IET Cluster manual

This is the manual for the usage of the IET cluster. Issues and suggestions can be submitted through the issue tracker.

Getting started

DISCLAIMER: no backup of your data is provided, this is the resposibility of the user!

Support

If you need support regarding the cluster, make sure to consult the support page first!

Account

To get an account for the cluster, please get in touch with the IET support team via iet-support@ost.ch.

Cluster layout

shpc0003.ost.chlogin nodeRocky Linux 8.6usershpc0002.ost.chmaster nodeRocky Linux 8.6backupold masterRocky Linux 8.6node01RHEL 8.6node02RHEL 8.6node03Rocky Linux 8.6...node24Rocky Linux 8.6ssh/sftp/scp

Connect to the Cluster

To connect to the cluster, it is recommended to use ssh, as it is available in Linux and Windows (Powershell). For further instructions on how to connect to the cluster with ssh, please refer to the ssh page.

If you prefer a graphical interface check out the vnc page.

Relevant folders

The folders most relevant for general usage of the cluster are given by:

  • Your home directory: shpc0002.ost.ch:/home/OST/<username>.
  • The data and project folders, found in shpc0002.ost.ch:/data.

For more details about the folder layout refer to the chapter Folder layout.

Software

Software is installed over ansible scripts for proprietary software and via guix for FOSS software.

The list of installed proprietary software can be found in software.yaml.

The list of installed FOSS software can be found in guix-modules.scm.

Modules

To use any specific software on the cluster, you first need to load its corresponding module. To do so:

  • List the available modules with module avail
  • Load a module via module load <module_name>
  • Unload a module via module unload <module_name>
  • Purge all loaded modules module purge

More information can be found in the chapter Environment modules.

Submitting a job

Job management and ressource allocation on the cluster is handled by SLURM. To submit a job to SLURM use the slurm-submit script ssubmit.
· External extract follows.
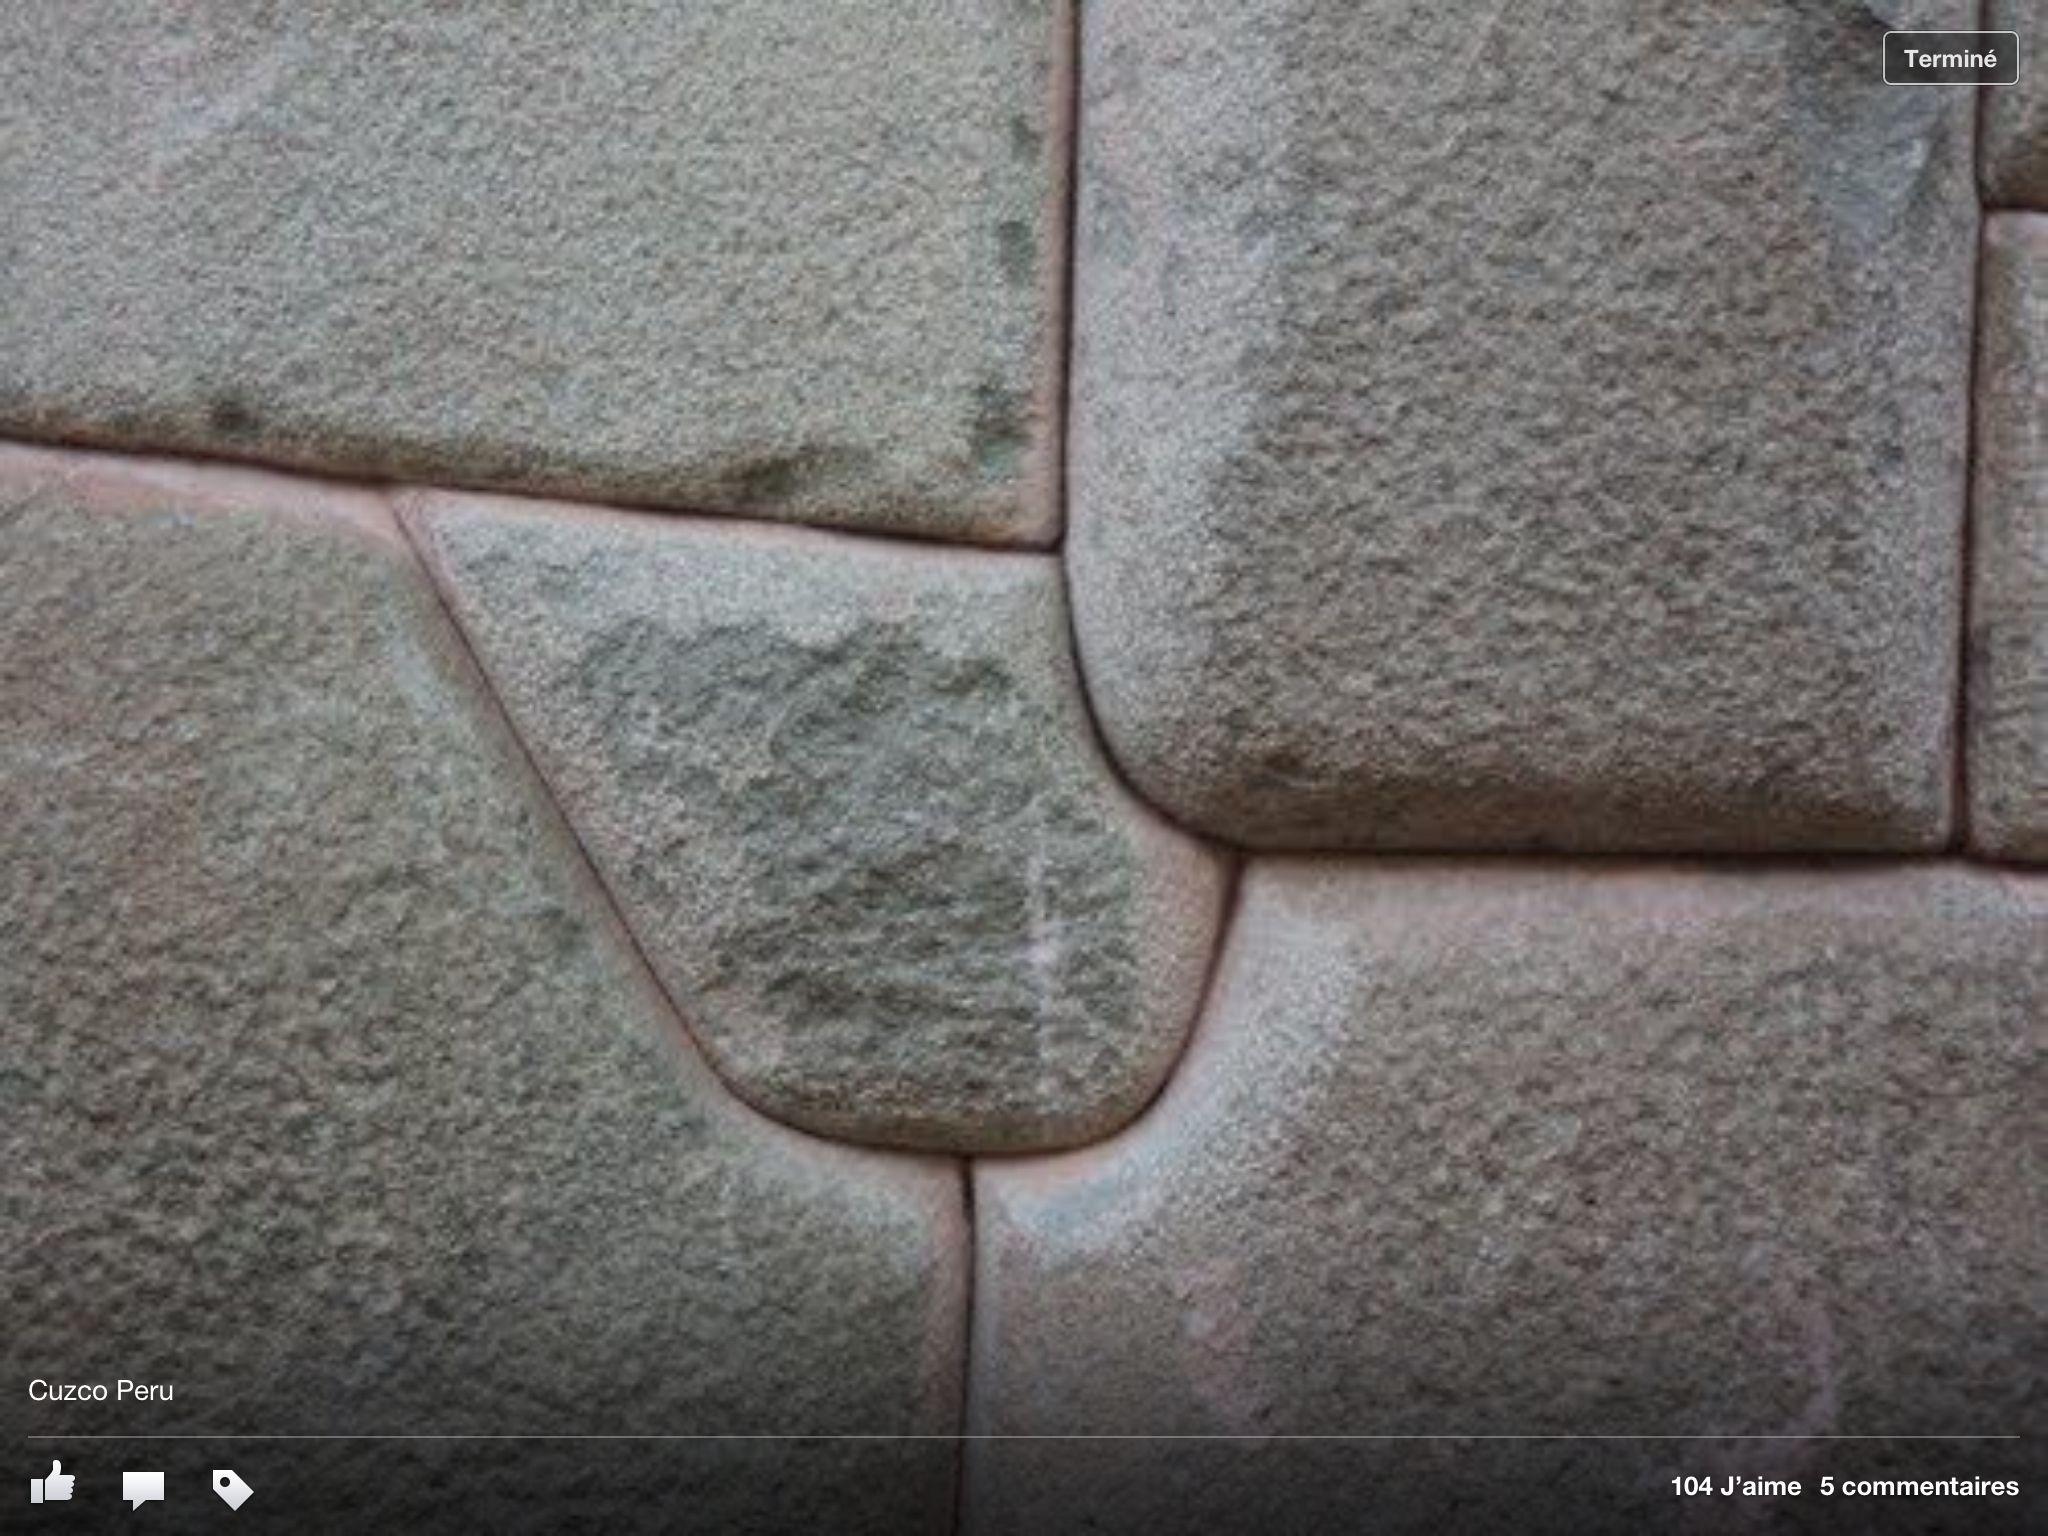 Cuzco Peru - like seriously?? WTF!!! >:(

It facilitates general job submission and has also helper commands for

  • starccm
  • comsol
  • matlab
  • moldex3d
  • openfoam

Detailed instructions can be found in the README.

More information about SLURM on the cluster can be found in the SLURM chapter.

Job status

To get an Overview of slurm's queue status and the current load on each node, open http://shpc0002.ost.ch in your browser.

To check any job's status, you can: - Use squeue to check job-ID, time consumed, and queing status of any job. - Check the standard output and standard error directed to a file of the name slurm-%j.out, where the %j is replaced with the job allocation number (found here).

To cancel a running job, you do scancel <job-ID>.

Accessing your data locally

To access your data on the cluster locally, you can, for example, use sshfs, a filesystem client based on SSH. To mount a filesystem, you type, for example:

sshfs <username>@shpc0003.ost.ch:~/run ~/shpc0003.ost.ch/run

To unmount it, you type the following.

fusermount3 -u mountpoint   # Linux
umount mountpoint           # OS X, FreeBSD

More information can be found in the chapter Data access.